[EXERCISE INSTRUCTIONS] From the listing below, please restate exactly the lines beginning at the one with "diva-threading-skincare-175.jpg" and ending at the one with "TELESIN Aluminum Alloy", both included, and skip the pictures.

[DATA TO USE]
● ● ● ● ●
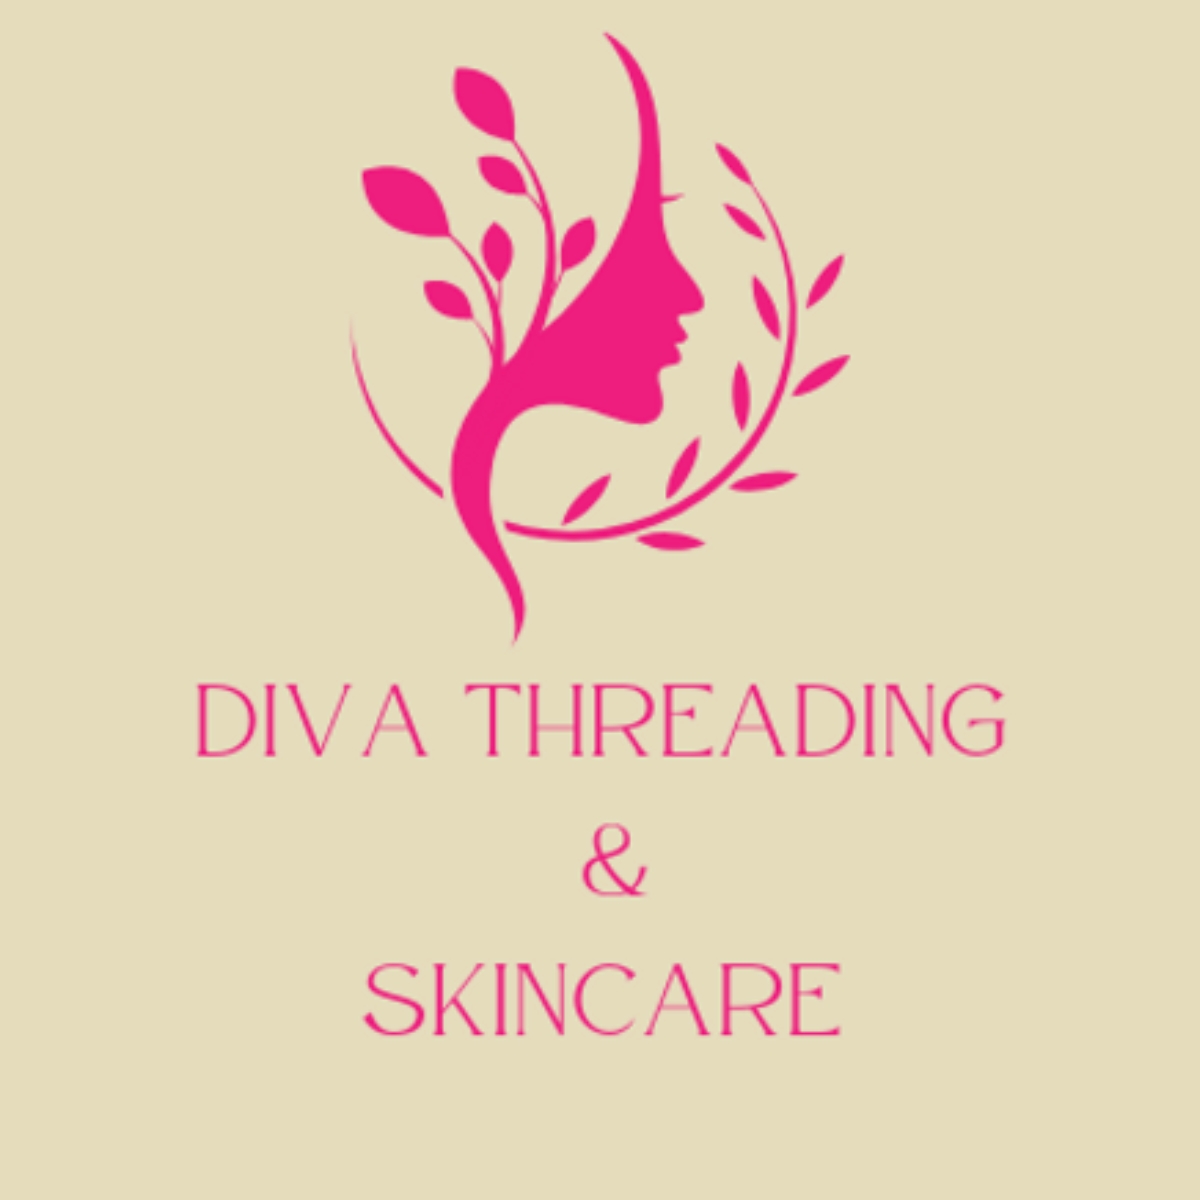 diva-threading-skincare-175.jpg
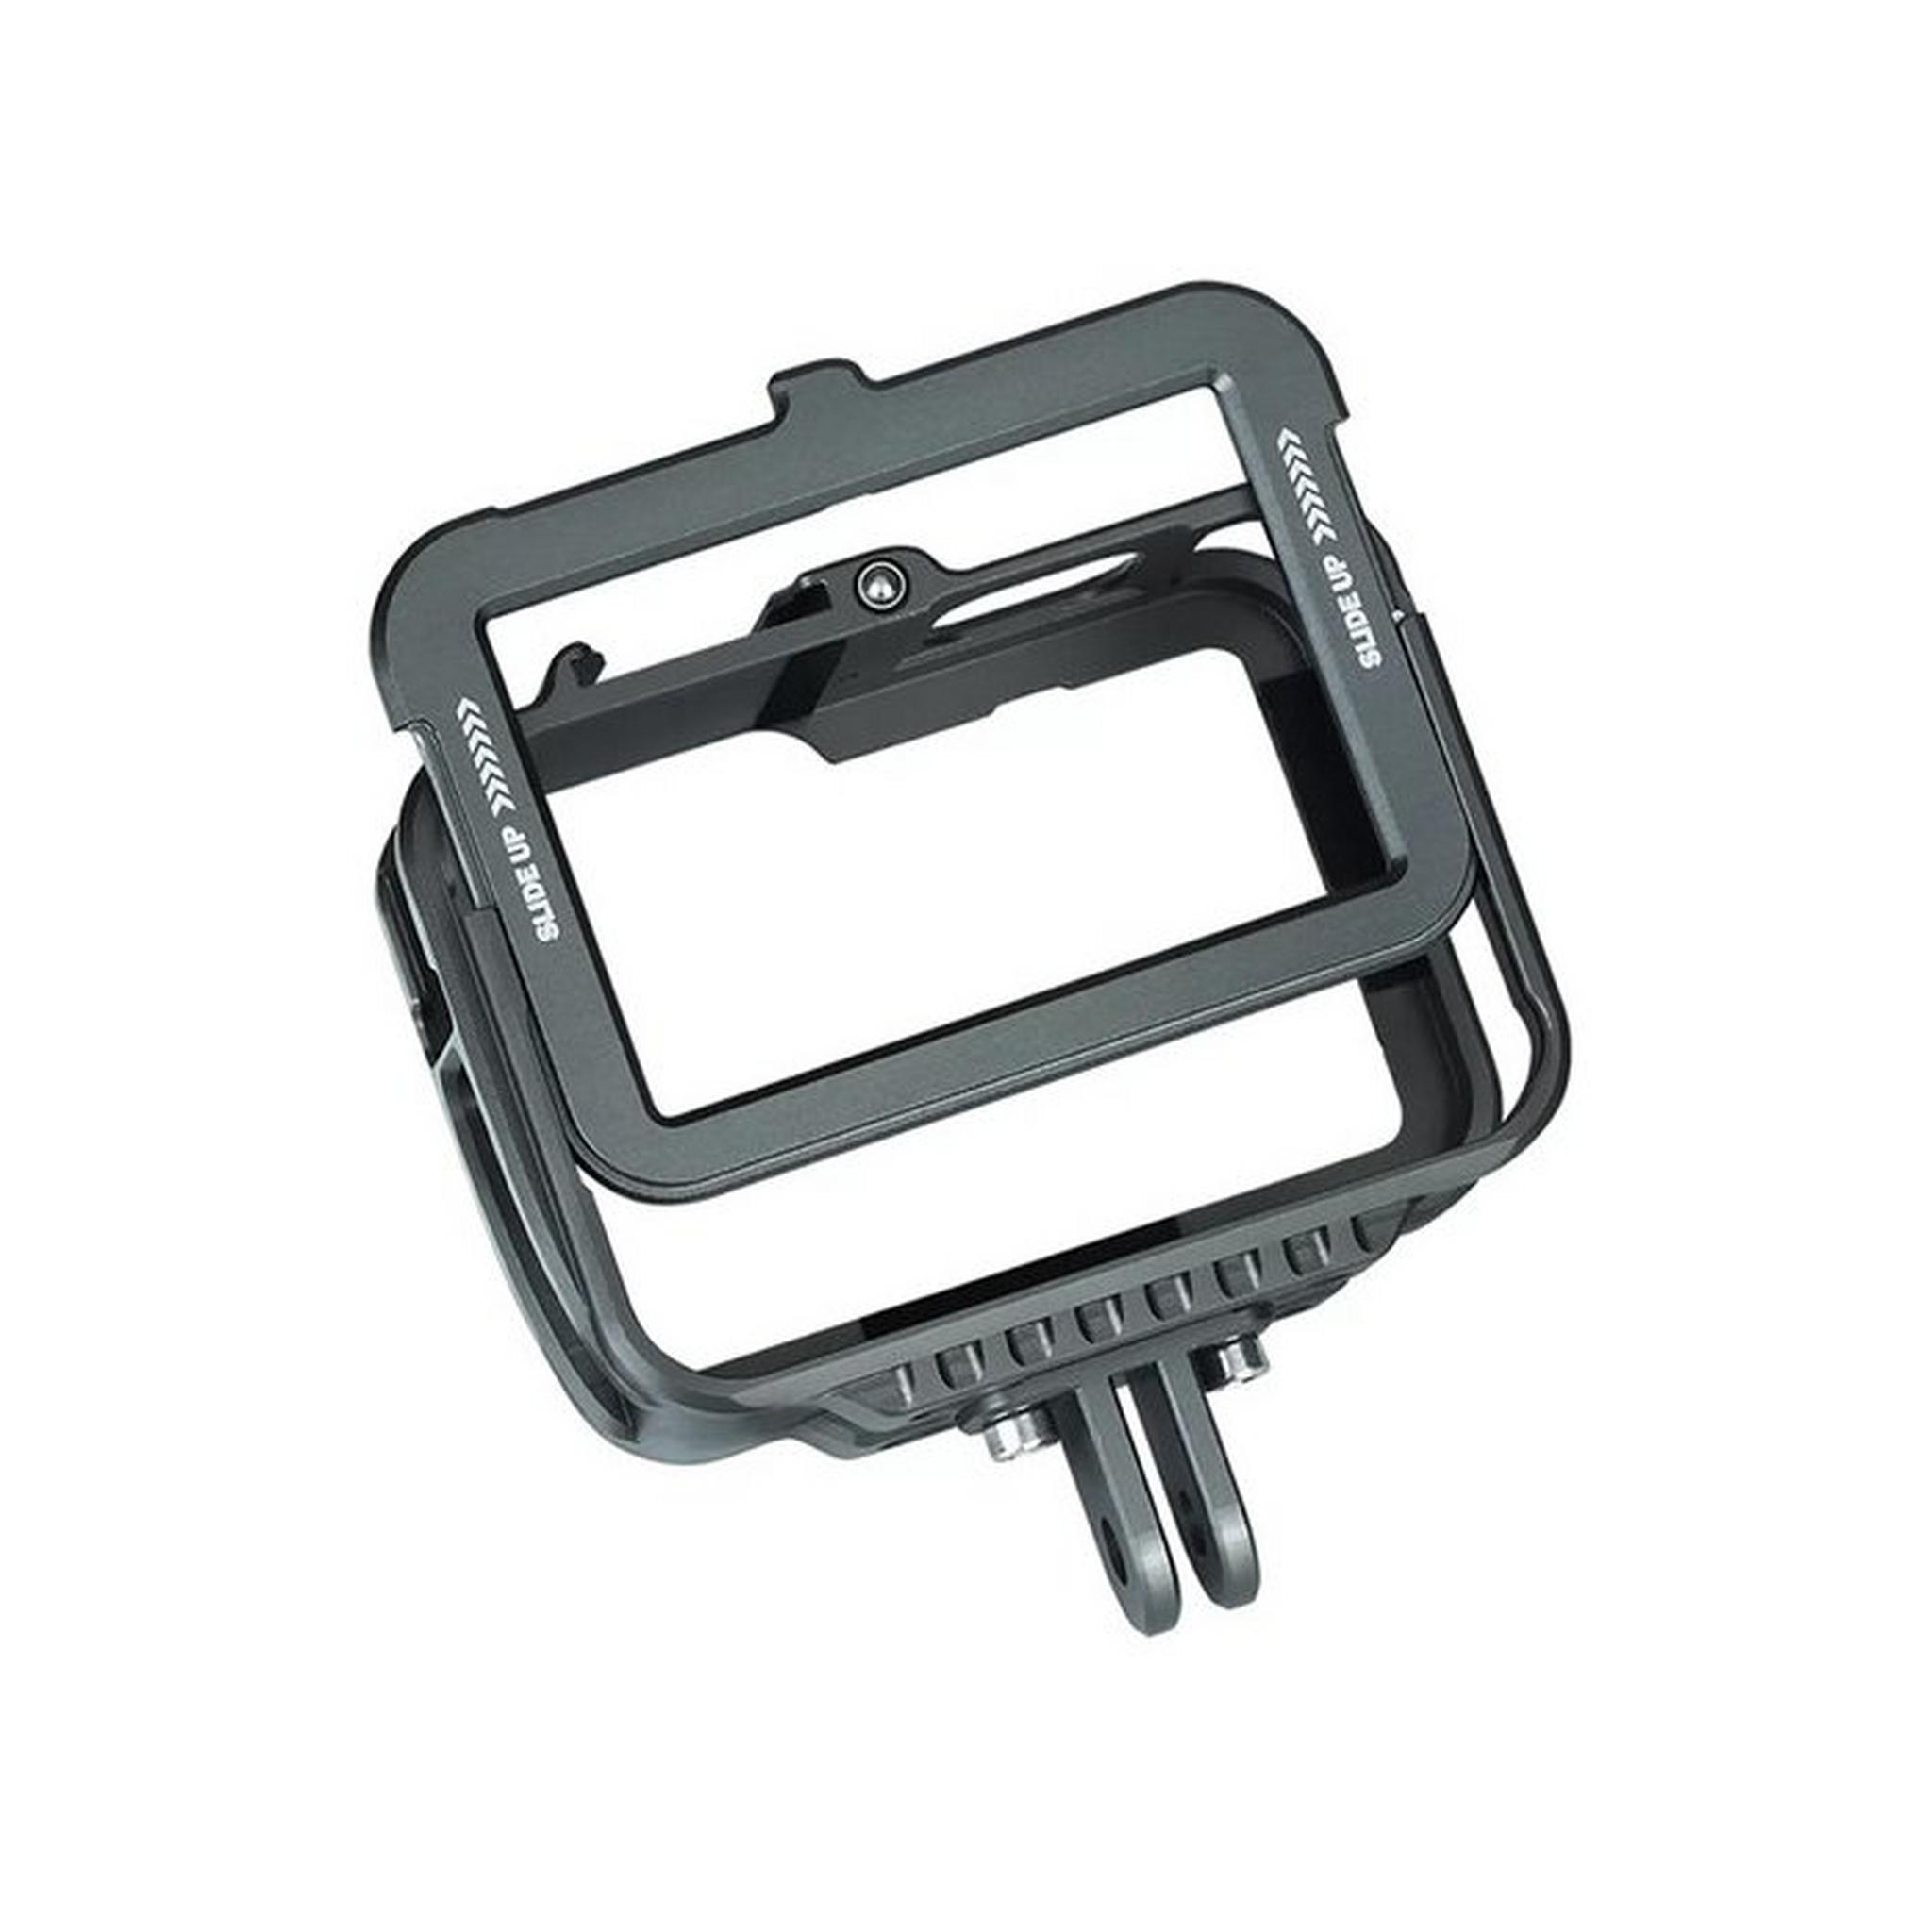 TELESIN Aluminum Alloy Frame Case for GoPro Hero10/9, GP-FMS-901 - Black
● ● ● ● ●
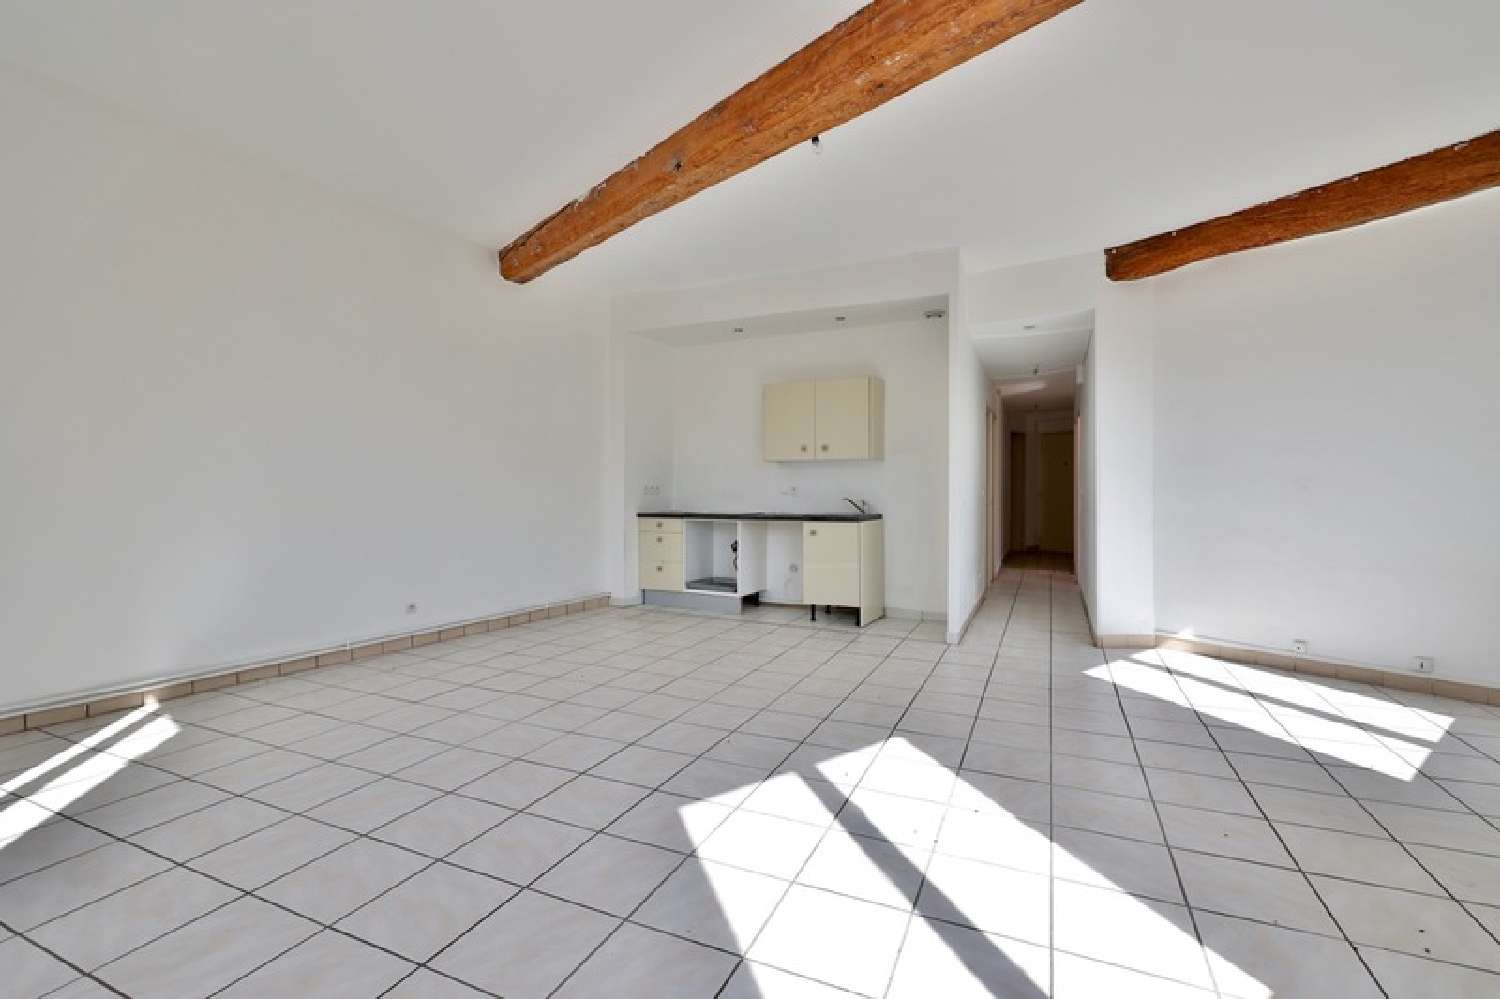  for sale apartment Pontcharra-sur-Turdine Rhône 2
● ● ● ● ●
[PROBLEM SOLUTION]
 diva-threading-skincare-175.jpg
 TELESIN Aluminum Alloy Frame Case for GoPro Hero10/9, GP-FMS-901 - Black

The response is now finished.